Go Through the Hard

Hi Friend

It’s been an odd week. Things you’d think would generate a positive sensation have produced the opposite. Stuff you’d imagine would be unwanted, is welcomed. In between both are the common realities generating expected results. Did I mention, I’m in the final week of wedding planning?

It’s been a bit of a tense whirlwind. Enough unexpected challenges that I stopped by my favorite counselor’s office to chat for a bit. He had a great reference about Willy Wonka and the Chocolate Factory: how ludicrous, pressurized and intense it was right up until the point of Charlie getting the keys to the factory.

I could tell it was not his first time using this analogy. The grandiose nature of two lives merging, for a second attempt, with lots of life to mesh together is genuinely difficult. However, the idea of my soon-to-be wife represented as a glorious, magical chocolate factory and all its wonderment, seemed spot on!

I do feel like Charlie. Despite the unexpected twists and turns of the last couple of weeks, I’m completely in awe and giddy with delight that next week at this time I’ll be waking up married to such an incredible, unique woman who surpasses all of my imaginations. #ChocolateGirl

IT’S SUPPOSED TO BE HARD

My faith is based on a collection of writings, written over generations and millennia, assembled by a wild process of flawed humans, which incredibly, offers me the most relevant guidance for my life today. Besides the Hero of the story, the other constant throughout the text is that the Will of the Creator is inherently hard.

If it’s easy, it’s not Him, or our best. The irony is that people use this Holy Book to point to a vision, purpose or aspirational goal for our lives, when actually, embedded in every story recorded, is that the premium value is placed on the process. What the difficulty reveals or produces IS the objective.

I reference this because marriage is designed to be the ultimate sanctifying process.

SURRENDER

The journey that’s led us to this wedding day, has been one of practicing surrendering. In my previous marriage and relationship I did not. I regret that.

The opportunity to maintain our voice, while being selfless, is a tricky maze of humility. It’s a useful discipline for all of our relationships and life scenarios. Surrender feels like a relinquishing of autonomy, when really it is position of strength when endowed with thick trust.

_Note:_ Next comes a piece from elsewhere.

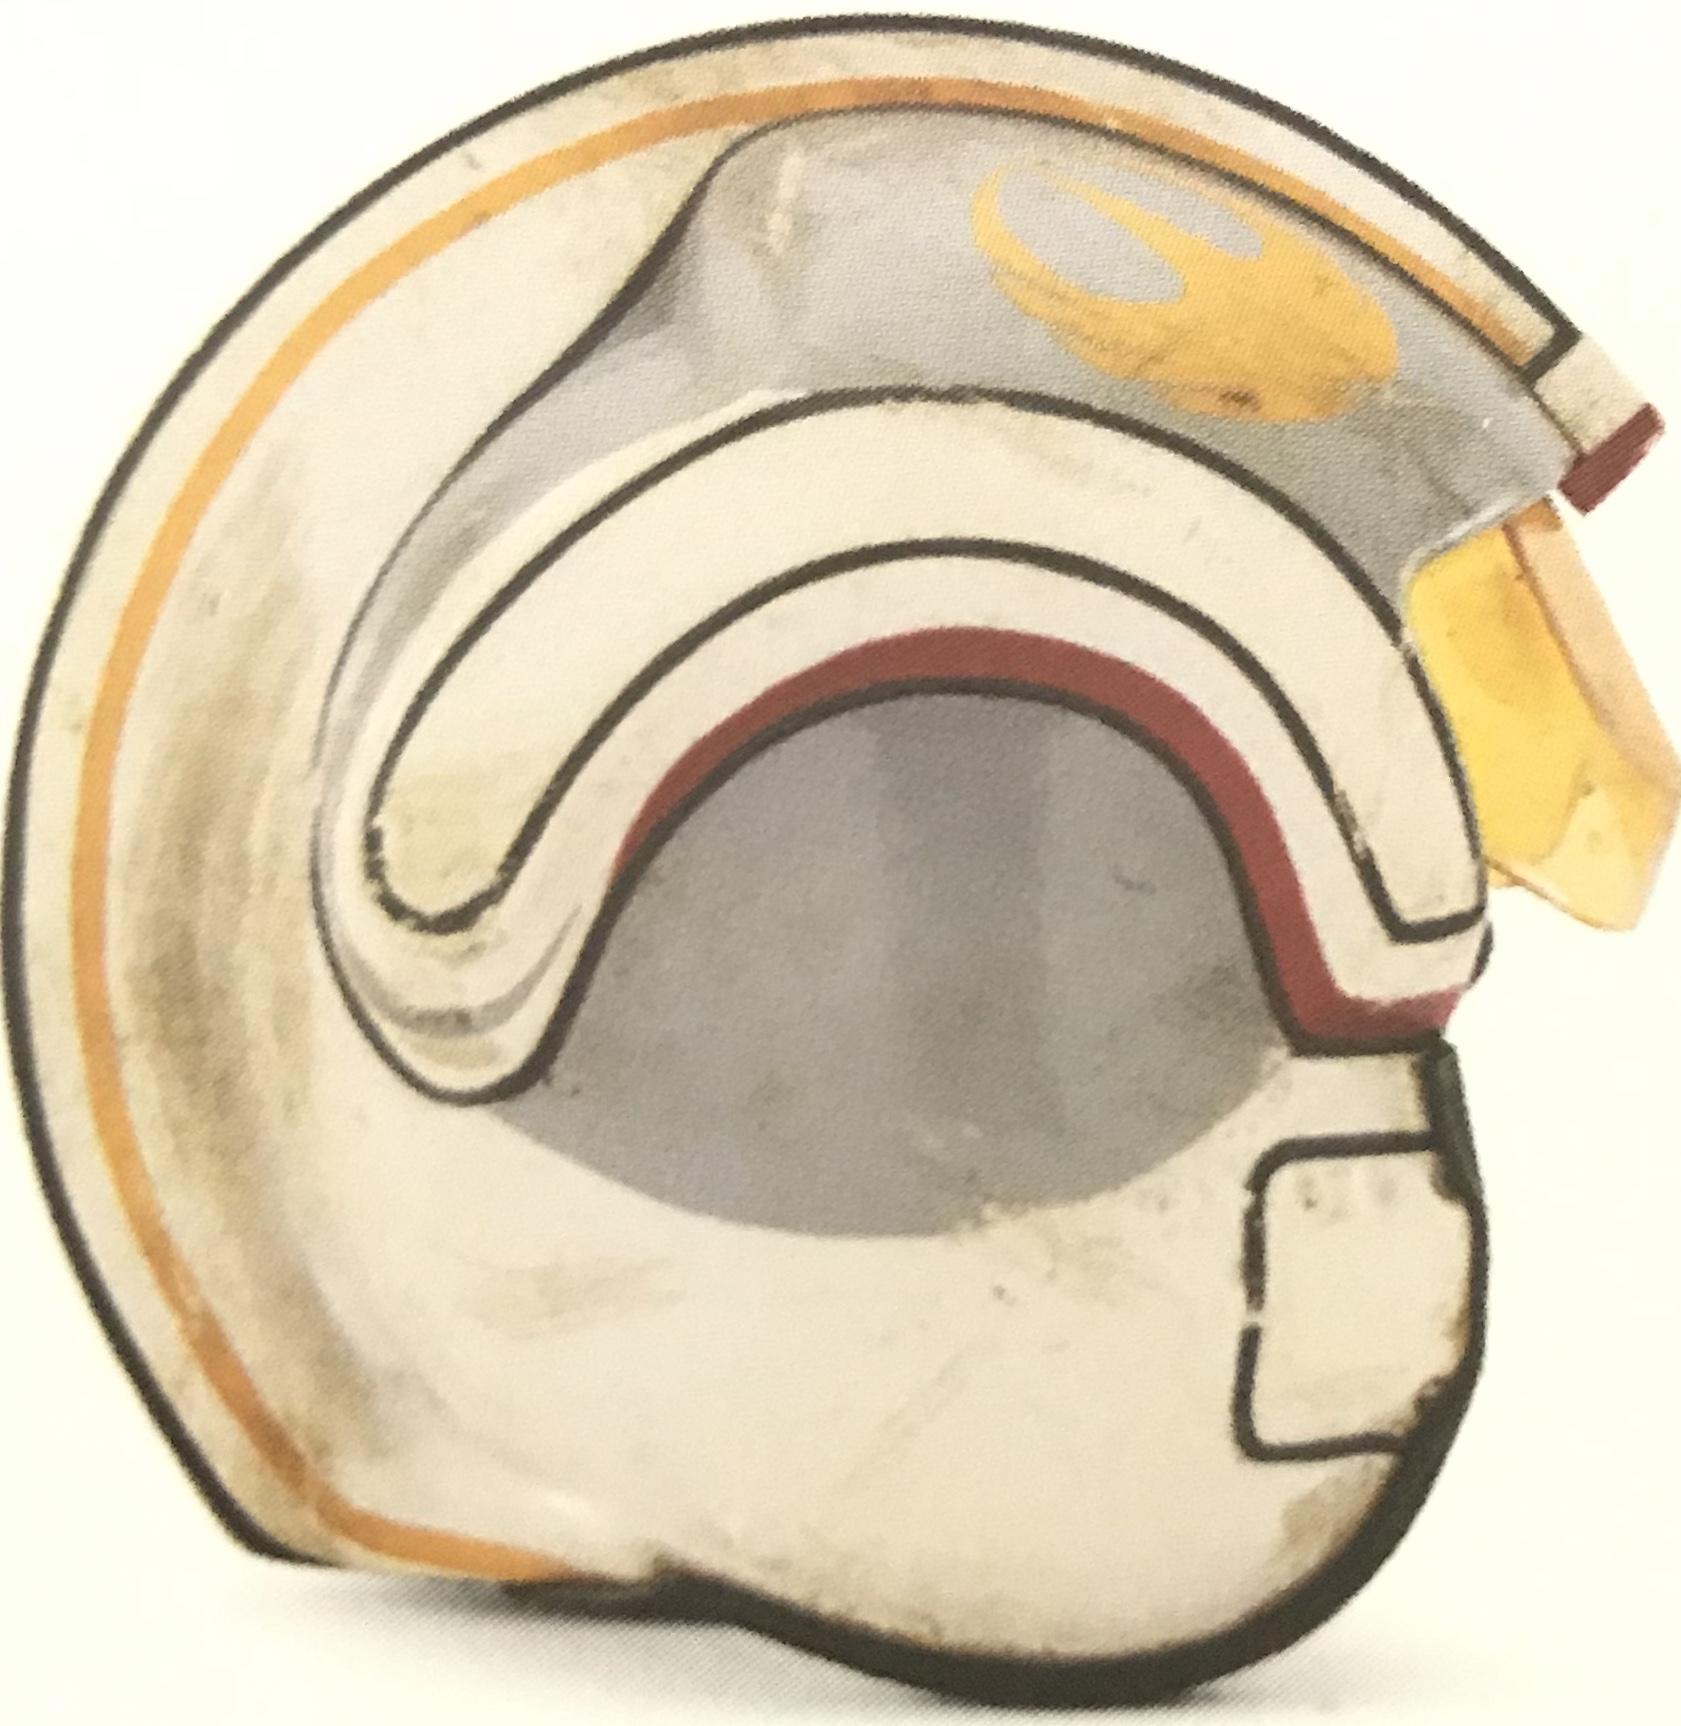 Marko helmet

Our society and ego values control, acquiring and consumption. Our souls however, require letting go. Therein lies the rub within us and our relationships. We resist what’s best for us while attempting to achieve it by any other means. :/

Instigating Ideas…

1. Watch the original Willy Wonka.

2. Consider where you might attempt greater selflessness.

3. Encourage someone who is going through a difficult experience.

Hard tends to hurt. That’s why when we’re in the midst of pain do we rarely want to prolong it. Yet shortcutting the process only produces greater agony with worse consequences. I suspect like me, you’ve proven that one a few times.

GO THROUGH

The Guthrie house saga has concluded (mostly). I closed on it and lost almost as much money as I had originally planned on spending. I spent close to 3x my initial commitment. It completely defeated and deflated me. Mostly because it was self-inflicted by my own ignorance and poor choices.

I was devastated and weirdly felt lifeless which is a strange sensation. I had to consciously choose to keep going. That’s how Charlie gets the key. We can’t let the Oompa Loompas distract us or camp out in the valley of the shadow.

I hope this week you go through the hard. Don’t stop to complain. Lean into the hard conversation or situation. Then continue on, so the gift from the process appears sooner.